Die Karriere von Thomas Morgenstern war geprägt von vielen Hochs und einigen Tiefs. Mit nur 16 Jahren landete er in Liberec sensationell seinen ersten Weltcupsieg. 2006 holte er bei den Olympischen Spielen in Turin zwei Goldmedaillen (Einzel und Team). „Das war mit Sicherheit einer der schönsten Momente in meiner Laufbahn.“
Goldhamster. Kein Wintersportler in Österreich konnte mehr Medaillen (20) bei Großereignissen gewinnen: Olympische Spiele 4 (3x Gold, 1x Silber), Weltmeisterschaften 11 (8x Gold, 2x Silber, 1x Bronze), Skiflug-WM 5 (3x Gold, 2x Bronze). Auch sonst hatte der Kärntner jedes seiner gesetzten Ziele erreicht: 2x Sieger im Gesamtweltcup (2007/08, 2010/11), Sieger der Vierschanzentournee (2010/11). Lediglich der Einzeltitel in der Skiflugweltmeisterschaft blieb dem Ausnahmetalent verwehrt. Im Weltcup stand er insgesamt 76 mal am Podest, davon 23 mal ganz oben.

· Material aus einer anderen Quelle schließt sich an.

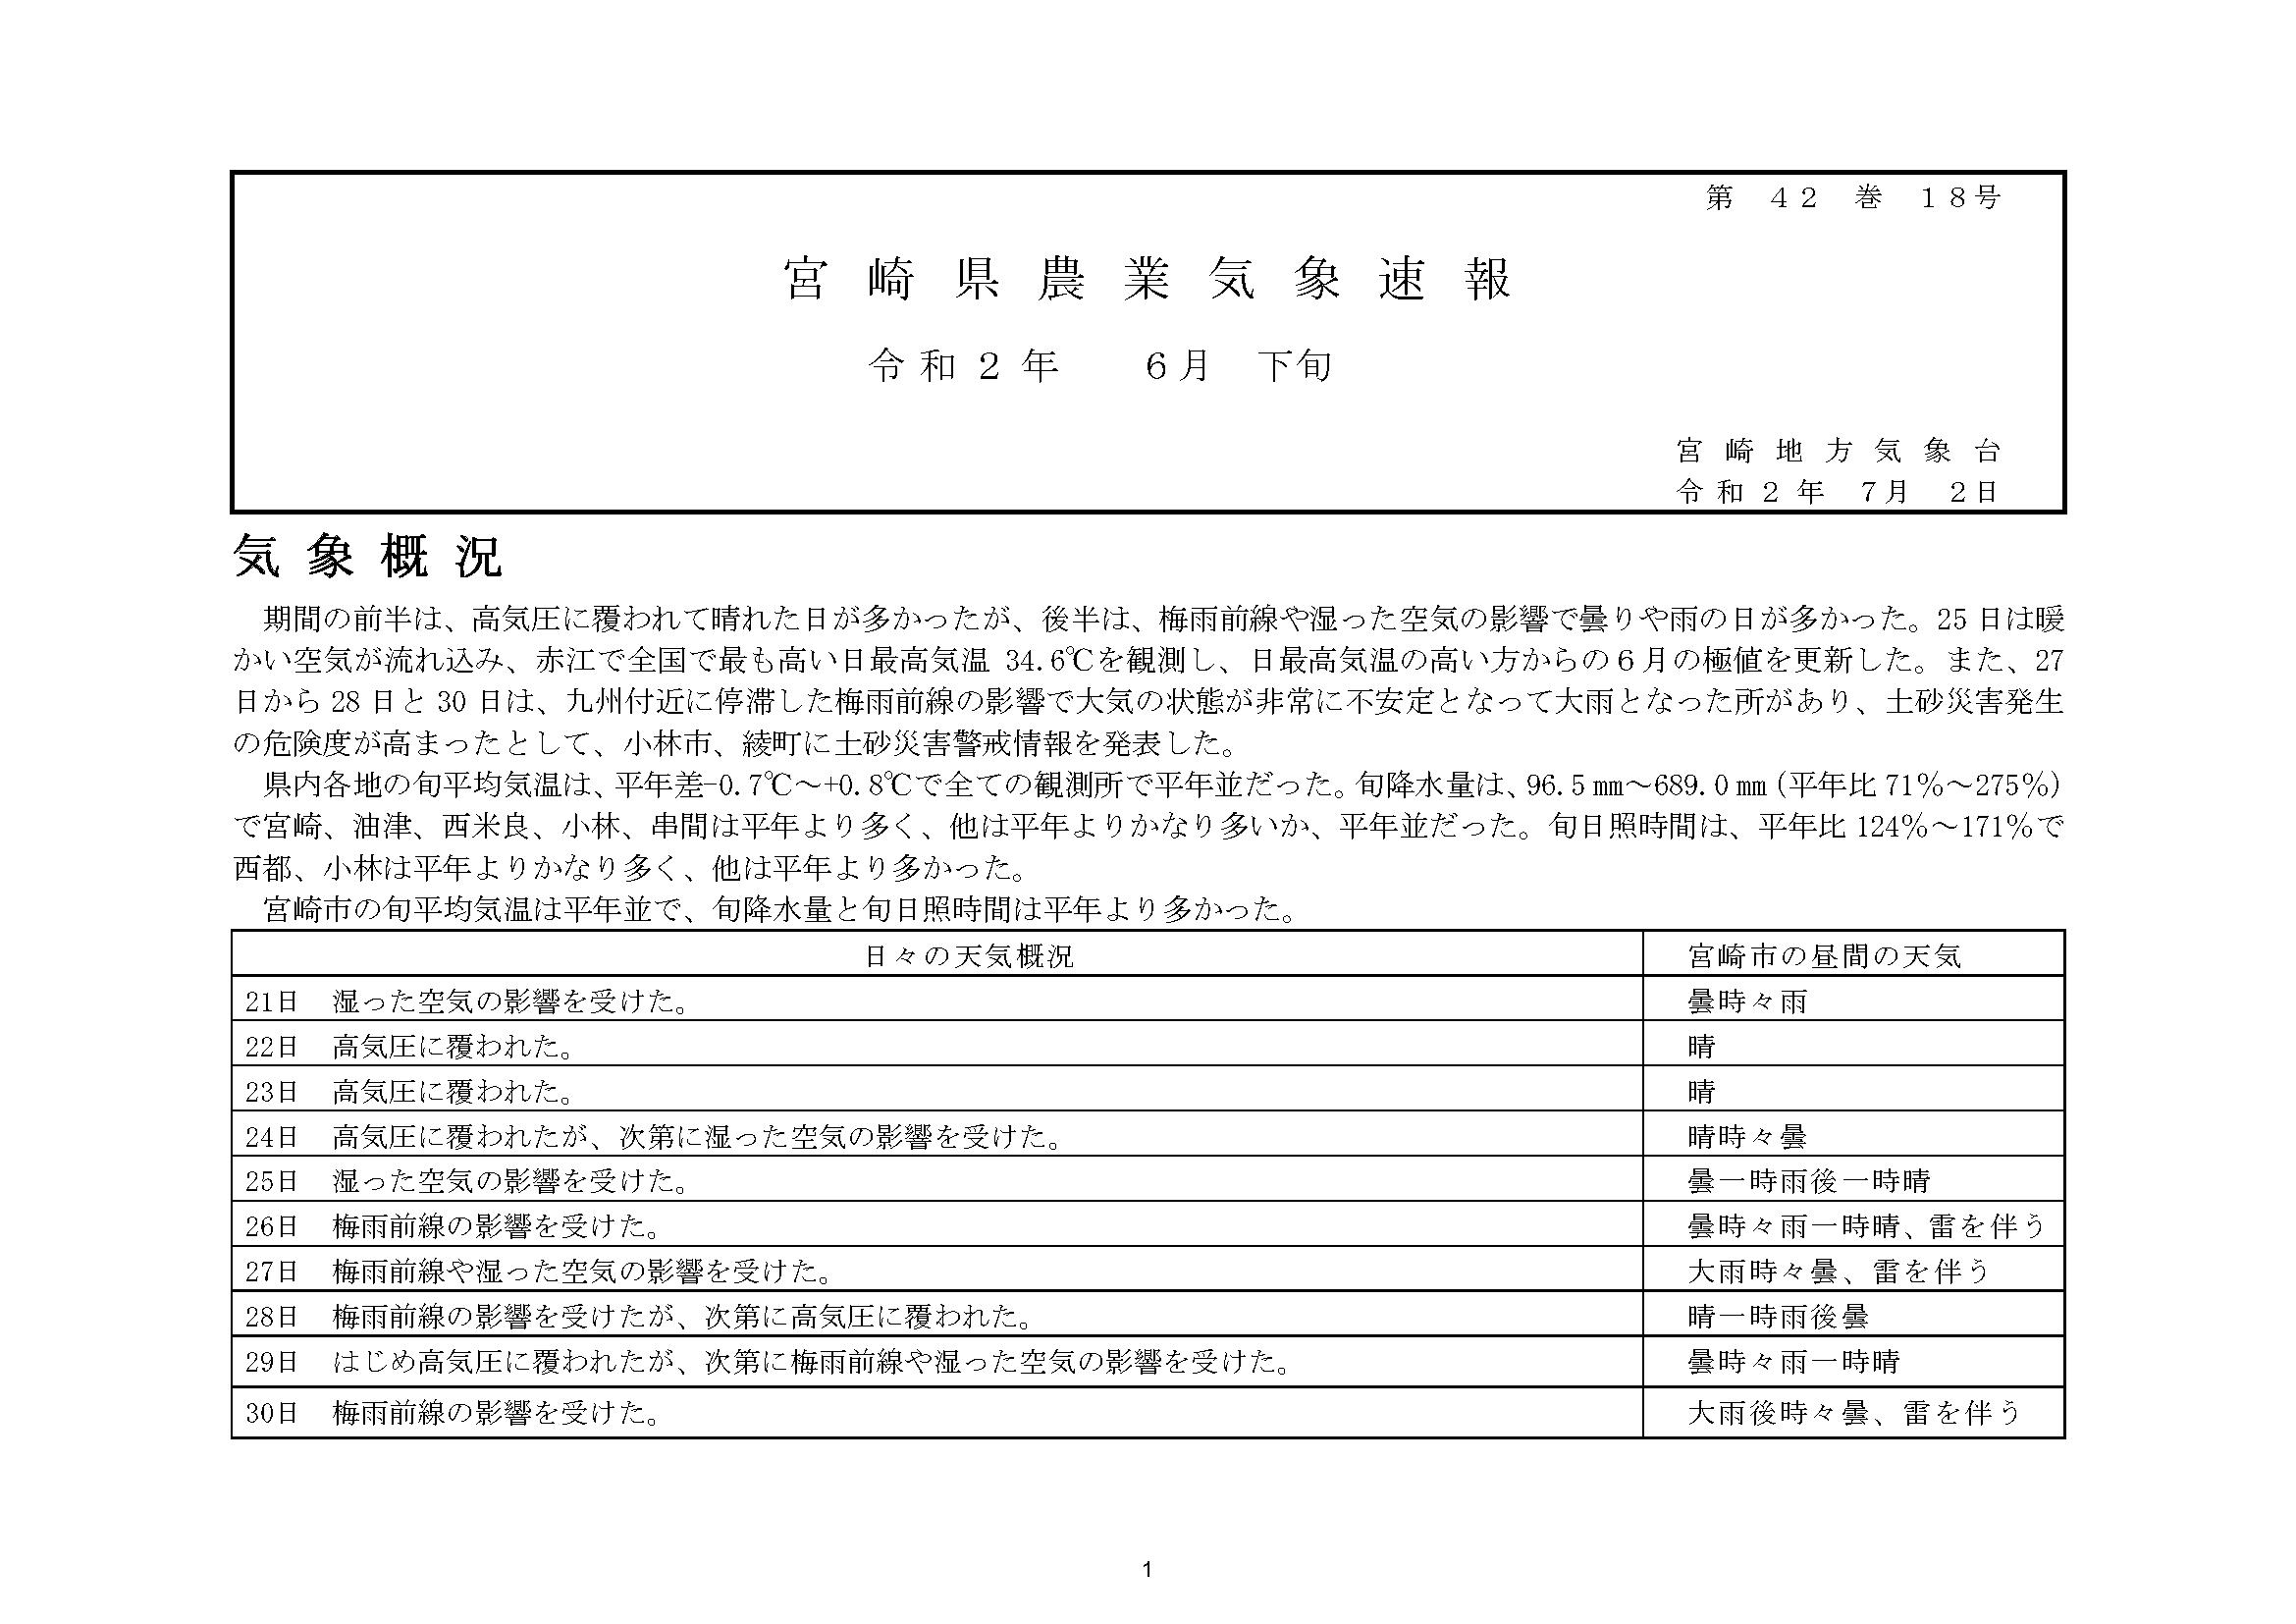 宮崎県農業気象速報令和2年6月下旬PDF

Abstürze. Jedoch musste Morgenstern auch mehrere Rückschläge in Form von Stürzen hinnehmen. In Kuusamo 2003, Liberec 2009 (auf dem Weg zu einer sicheren Medaille) oder Kuopio 2009 (im Training) blieb er von gröberen Verletzungen verschont. 2013 stürzte er in Titisee-Neustadt bei der Landung und zog sich neben Aufschürfungen im Gesicht (Zitat: „Es war als hätte mir Klitschko eine Gerade verpasst.“) auch einen Bruch des linken kleinen Fingers zu. Tags zuvor hatte er seinen ersten Weltcupsieg seit zwei Jahren gefeiert. Nach einem raschen Comeback holte sich der Kärntner mit einer Spezialschiene am Finger den zweiten Platz bei der Vierschanzentournee.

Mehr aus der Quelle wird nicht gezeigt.